→ Listed entries:

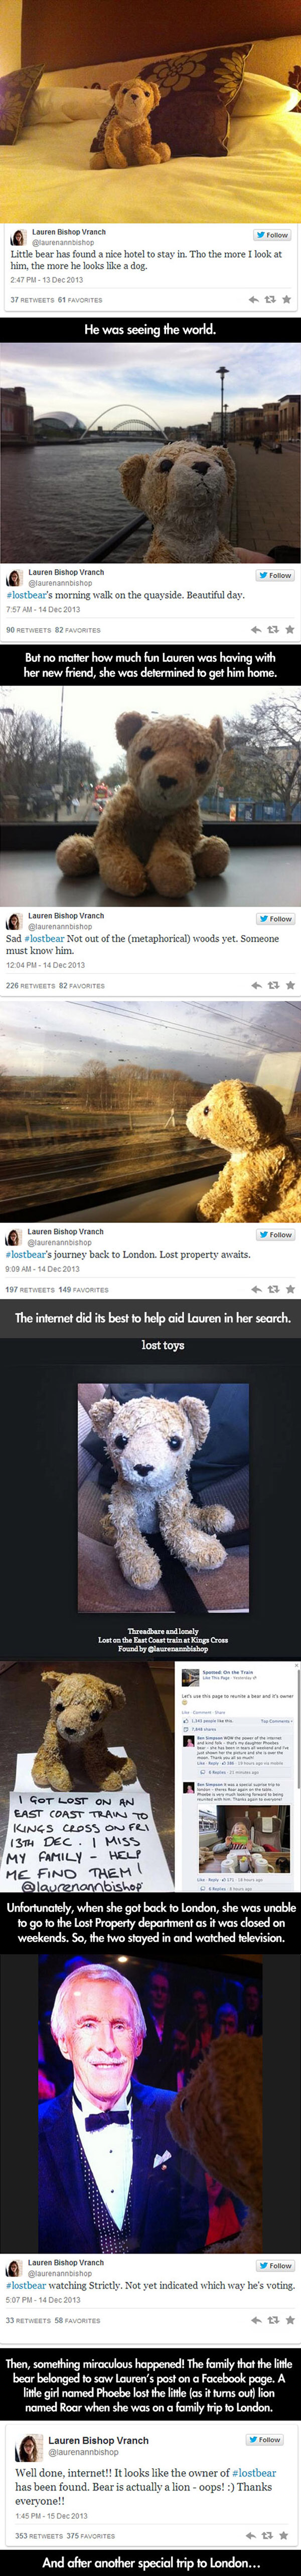 little girl loses bear
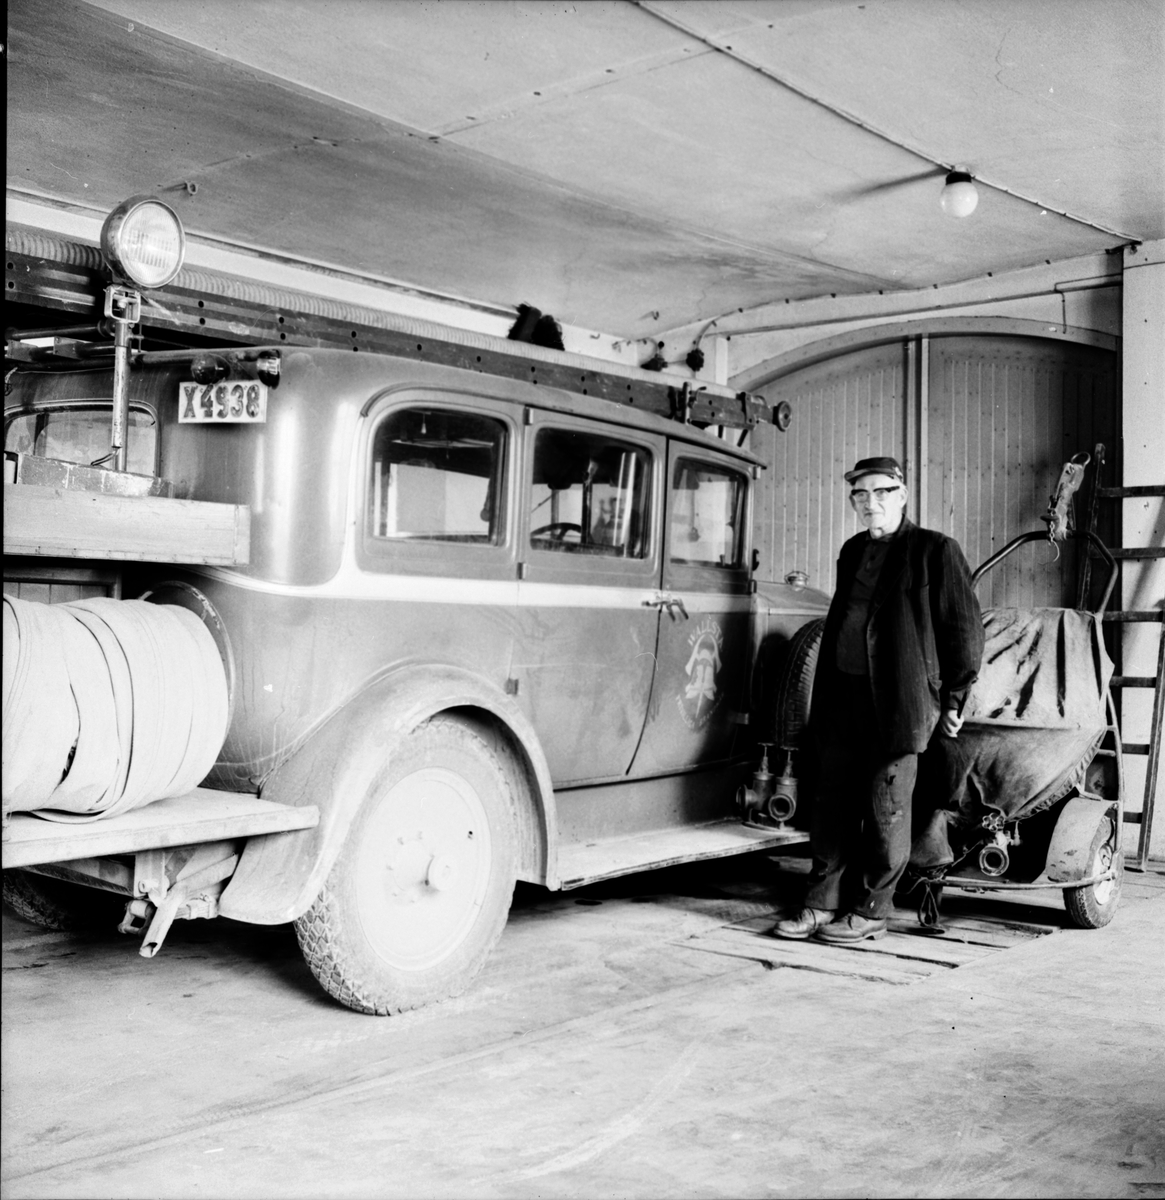 Arbrå,
Rep. om brandkårer,
7 Oktober 1967
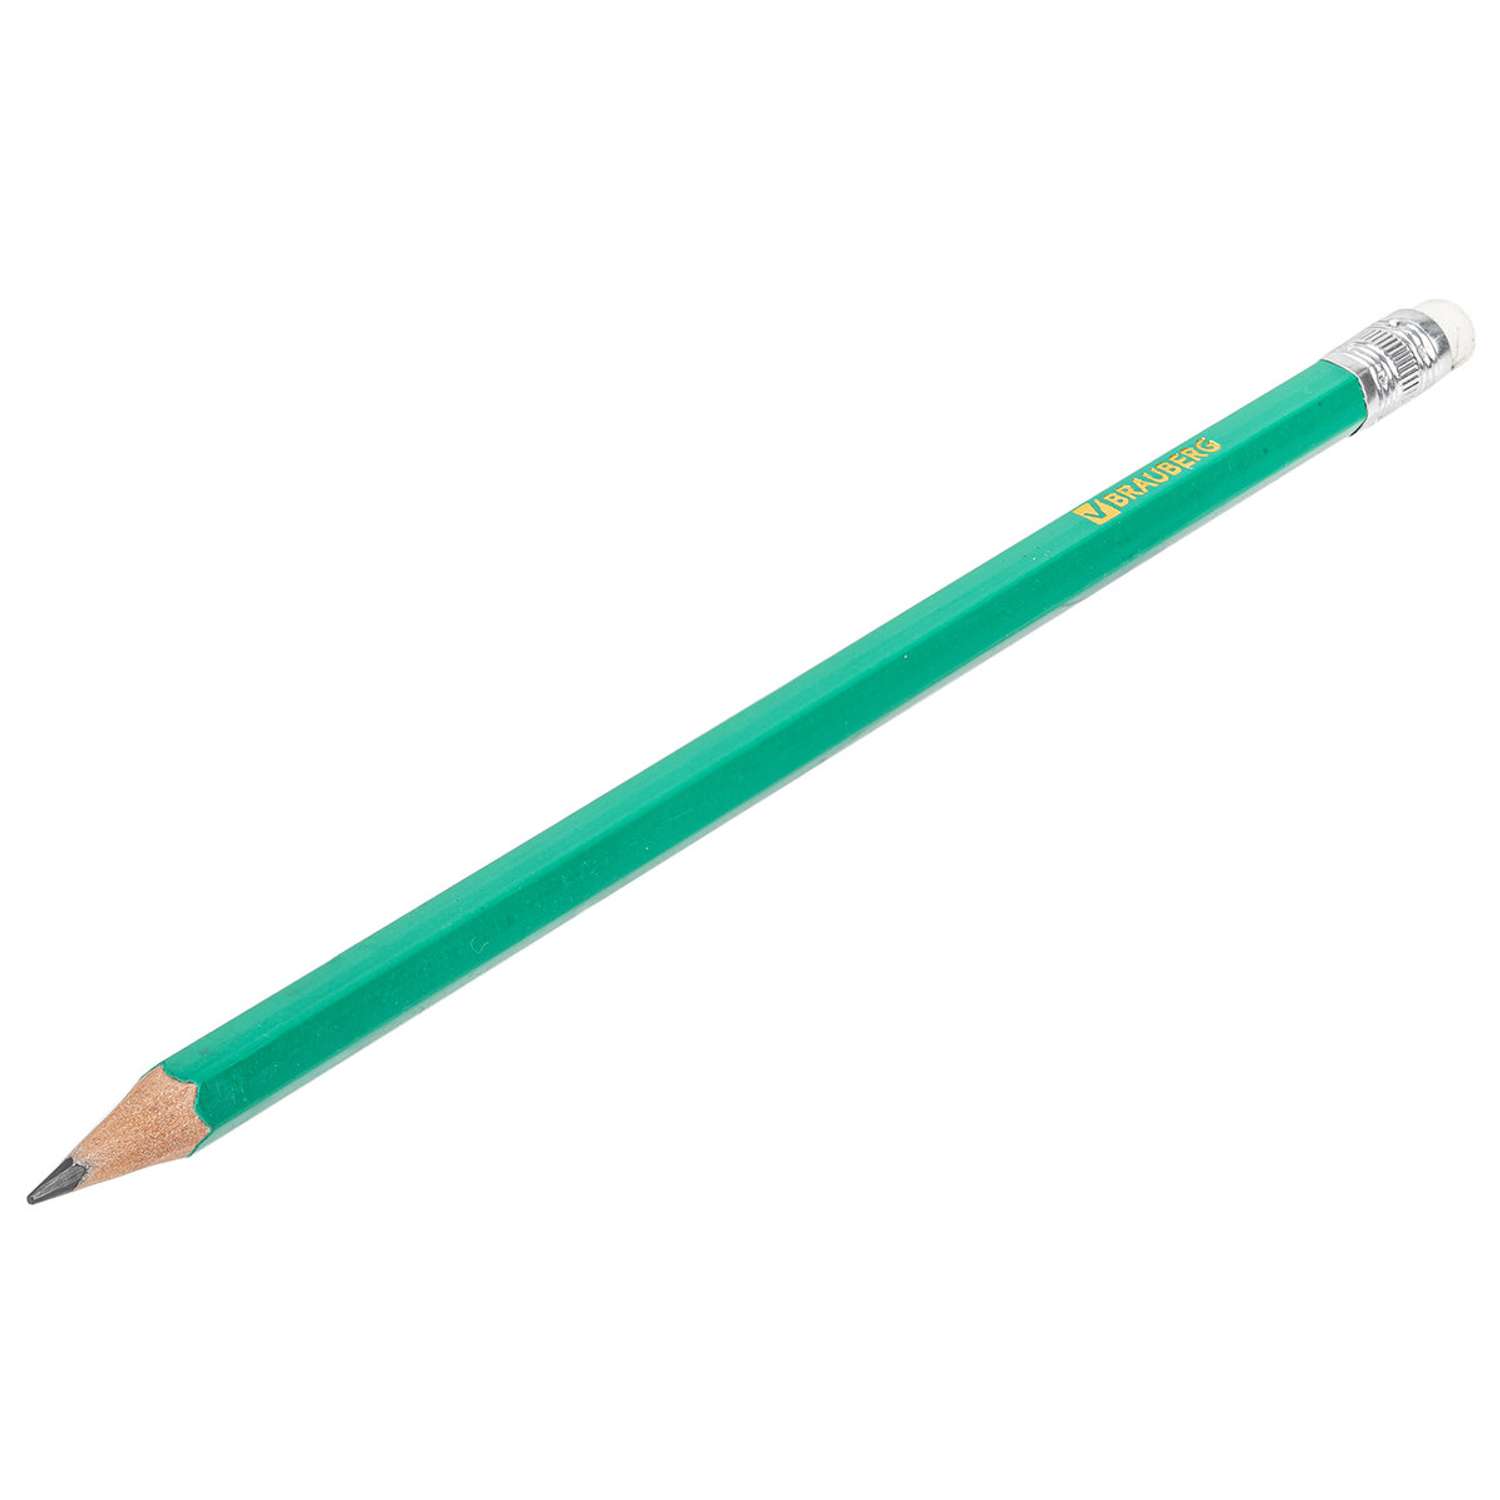 Простой карандаш зеленый с ластиком. Карандаш чернографитный Attache (зеленый корпус). Карандаши БРАУБЕРГ 120 цветов. Простые карандаши отзывы

→ Activity: From the line containing "7 Oktober 1967" through the last line of the entries, copy each line exactly and only those, skipping all pictures.

→ Answer for the task:
7 Oktober 1967
 Простой карандаш зеленый с ластиком. Карандаш чернографитный Attache (зеленый корпус). Карандаши БРАУБЕРГ 120 цветов. Простые карандаши отзывы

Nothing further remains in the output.